Is the problem of "classical theism" reside in the failure to start with the Triune and state the Trinity merely as a piece of doctrine tagged on? A forced affirmation rather than something obviously required?
Maybe even the problem is even attempting to deduct as some do who try to prove "god" and then prove the Christian version of "god", which ends up in some bland christianized theism that is usually a-ok with Pagans and the neo-deists (I'm thinking of the Moral Therapeutic Deists as the Neo).
Clearly the bedrock is Revelation, a mediated event, but most fully in Christ Jesus. We induct, we can only talk about God in terms of Christ. So regardless of starting from Trinity or not, explicitly, it will always end up there. We can't talk about Jesus without the Father or the Spirit breaking through almost immediately.
It's a little sad for me. I get a twinge when overcoming a label like "classic" or "traditional" because I want to make the error, like many, that just because it's old means it's right. Tossing much of Newton overboard is still difficult but necessary to understand things as they are.
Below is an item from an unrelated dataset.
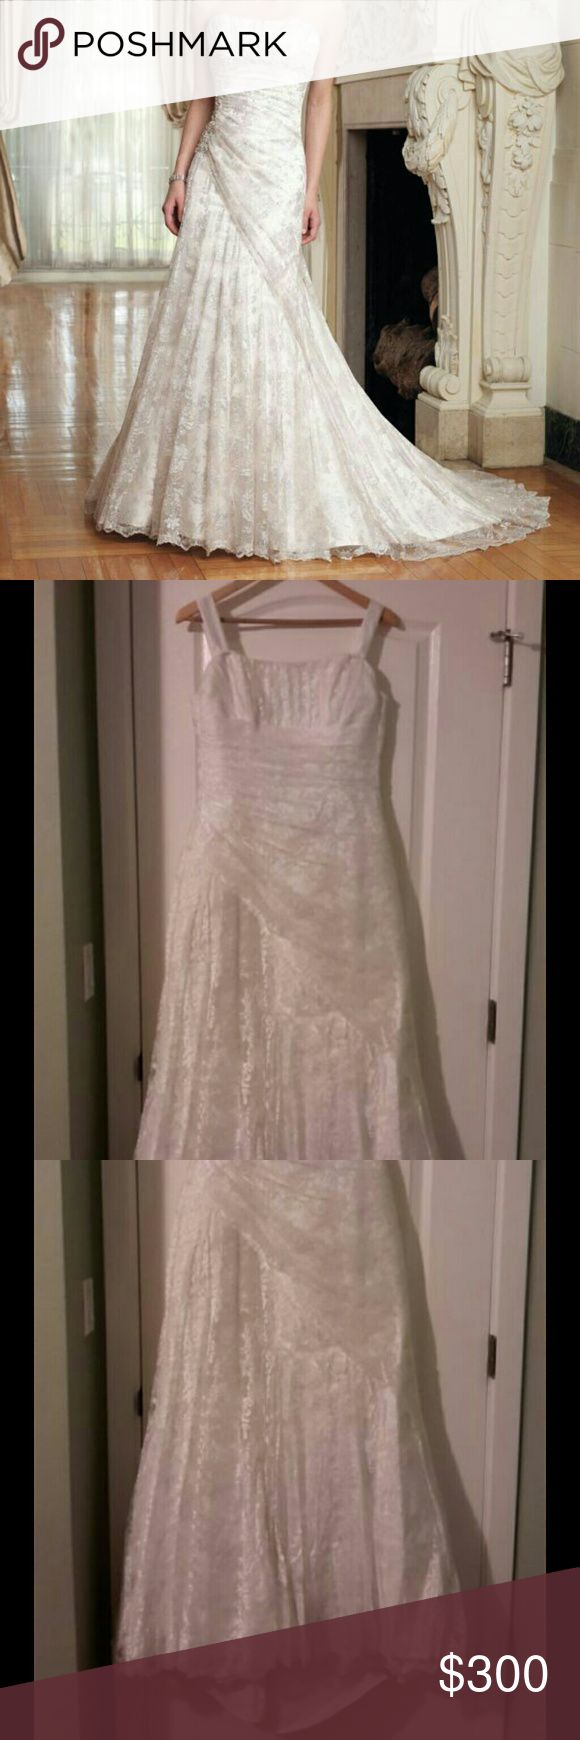 garment bag wedding dress » Wedding Dresses Designs, Ideas and ...

Perhaps why the Scriptures speak so dialectically over so much is they hang the borders of the frame, and we experience the reality of that picture as time passes on in the history of ideas. Even now, we don't see it all for what it is. Being men of our own times as it were.
Cal,
DeleteI think in a quick way what you have summarized it pretty close to dead on. Except that Newton isn't really wholly to blame, for the scholastics Reformed it goes back to using Aristotle and Thomas Aquinas and Agricolan logic and method for explaining where they went theologically.
As far as losing "classic" or something. Oh no, while Thomas Torrance retrieves from a particular situation in theological history (as we all do); his approach is rooted in the Patristic (and thus ancient/traditional/classic period of the church) period. Anyway, I actually think his version is just as classic (but Modern) too as any so called classic approach today. So when I say classic Calvinism I am trying to attach them to the classical theism that informs their theological approach.
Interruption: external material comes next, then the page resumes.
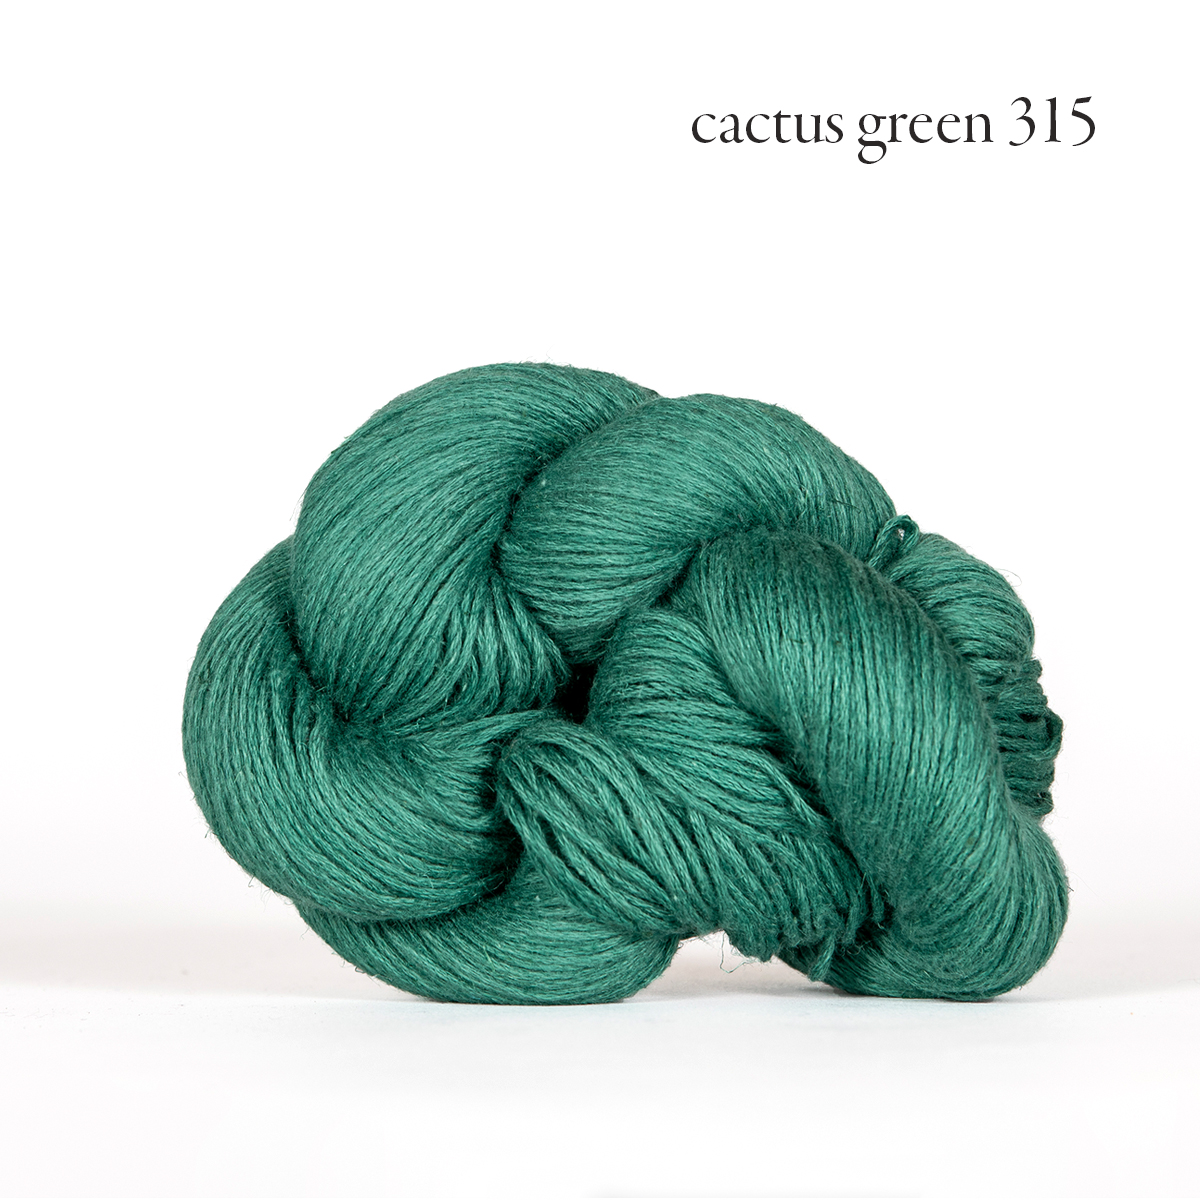 mojave cactus green 315.jpg

Yes, I think we must be dialectic given our vantage point and the way God has Self-revealed himself, no less, to us, in Christ.
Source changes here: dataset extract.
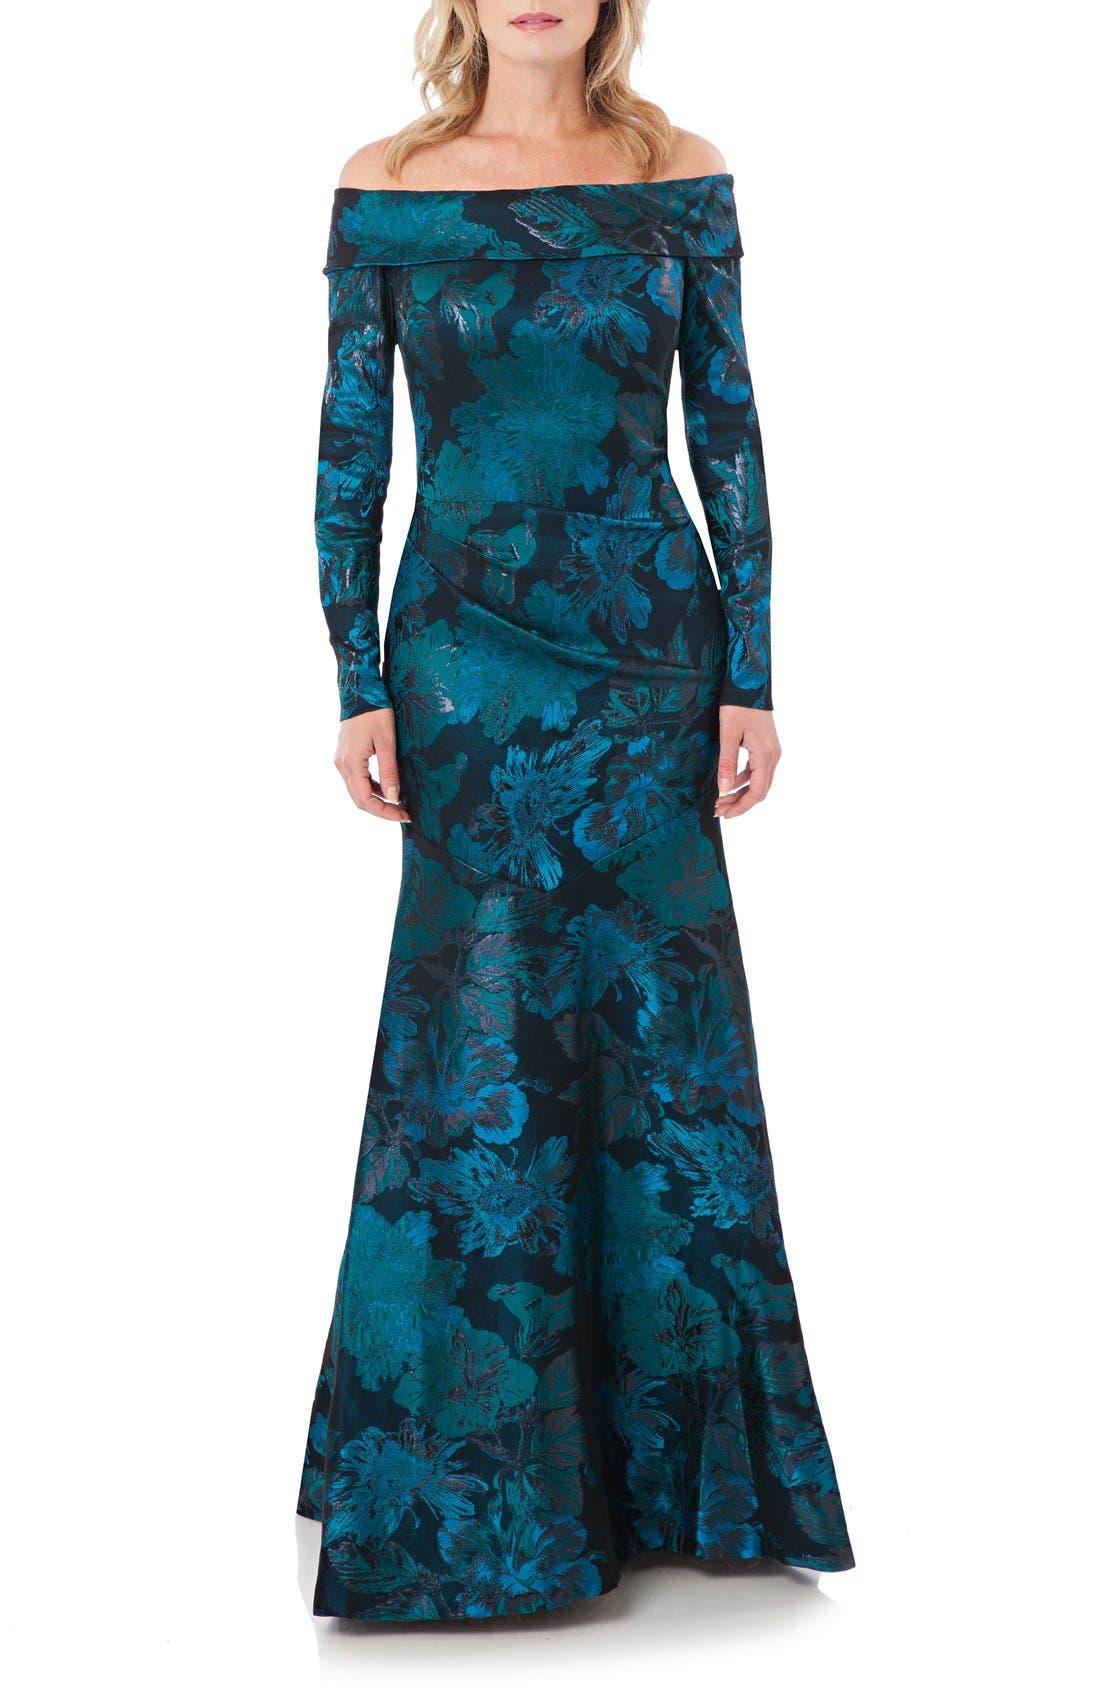 Main Image - Theia Metallic Floral Jacquard Mermaid Gown

I wasn't blaming Newton for them. They were merely reaffirmed by his theories and systems of Newtonian physics. Newton was an Arian, so I know he wasn't looking to affirm the Reformed.
DeleteHaha, I know what you're saying. I would probably be feeling the same thing if I lived in 1550 and read Calvin's Institutes or heard the preaching of the Anabaptists. I would be attracted to it and then get gridlocked with a thought of "novelty" or think "How could Rome be wrong? The Pope's have been at this a long time!". While I don't expect to find anything new that hasn't been said before, I've got to go back to the Scriptures, regardless of the main current of the day.
Amen to your last sentence, Cal. We need to always be going back to Scripture, and not be taken captive by particular theologians or exegetes per se. But test all things.